Sujet : Re: Arguments for a sane ISA 6-years later
De : anton (at) *nospam* mips.complang.tuwien.ac.at (Anton Ertl)
Groupes : comp.archDate : 29. Jul 2024, 13:59:33
Autres entêtes
Organisation : Institut fuer Computersprachen, Technische Universitaet Wien
Message-ID : <2024Jul29.145933@mips.complang.tuwien.ac.at>
References : 1 2 3 4 5
User-Agent : xrn 10.11
BGB <
cr88192@gmail.com> writes:
On 7/26/2024 12:00 PM, Anton Ertl wrote:
"Chris M. Thomasson" <chris.m.thomasson.1@gmail.com> writes:
and it's more efficient
That depends on the hardware.
Yes, the Alpha 21164 with its imprecise exceptions was "more
efficient" than other hardware for a while, then the Pentium Pro came
along and gave us precise exceptions and more efficiency.
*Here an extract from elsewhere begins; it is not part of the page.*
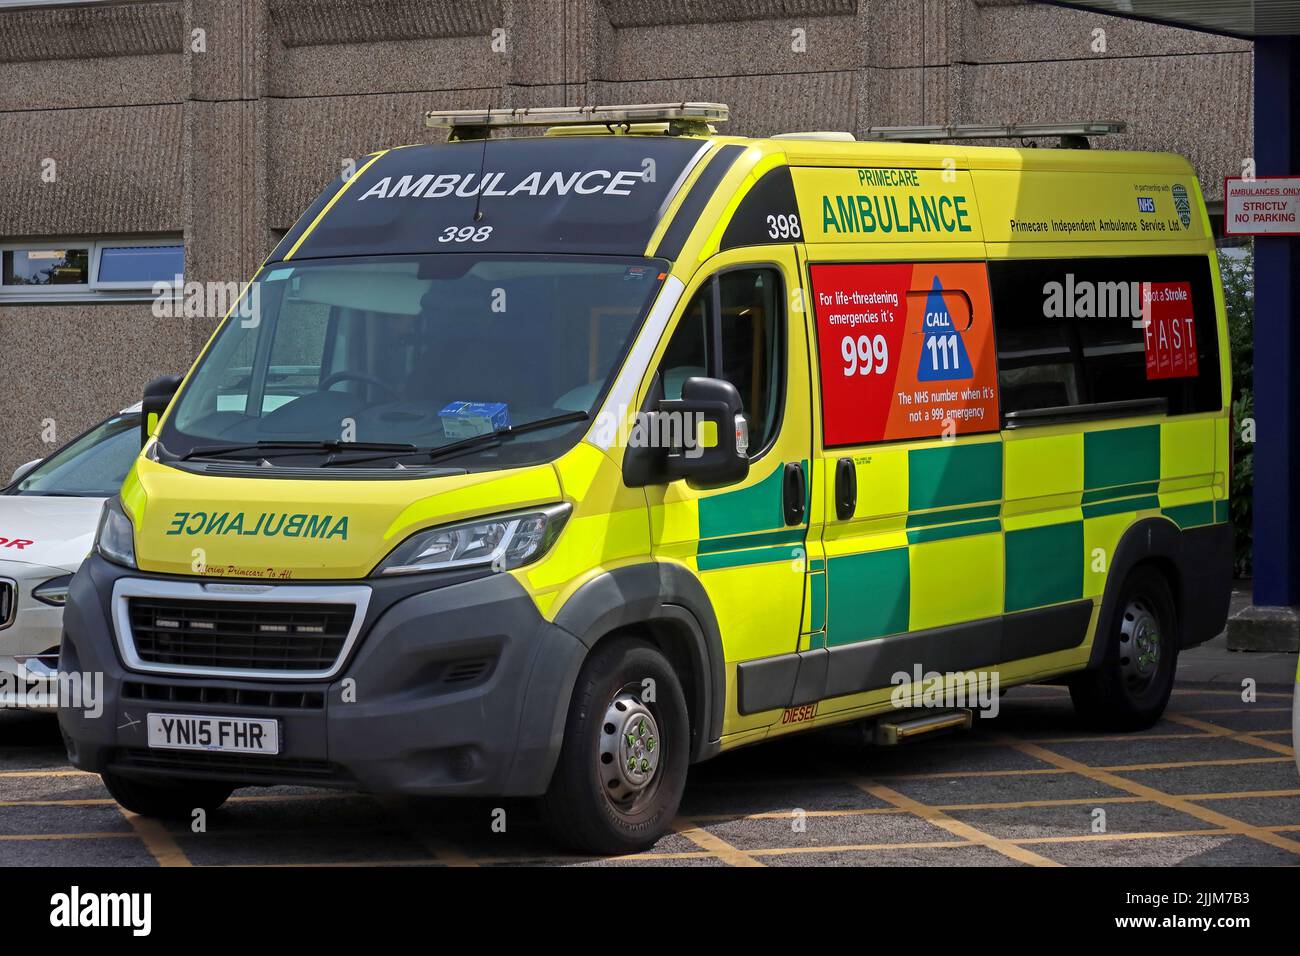 Primecare Ambulance, collaborando con NHS, all'ospedale di Warrington, Lovely Lane, Warrington, Cheshire, Inghilterra, Regno Unito, WA5 1QG Foto Stock

And
eventually the Alpha people learned the trick, too, and 21264 provided
precise exceptions (although they did not admit this) and more
efficieny.
Similarly, I expect that hardware that is designed for good TSO or
sequential consistency performance will run faster on code written for
this model than code written for weakly consistent hardware will run
on that hardware. That's because software written for weakly
consistent hardware often has to insert barriers or atomic operations
just in case, and these operations are slow on hardware optimized for
weak consistency.
>
TSO requires more significant hardware complexity though.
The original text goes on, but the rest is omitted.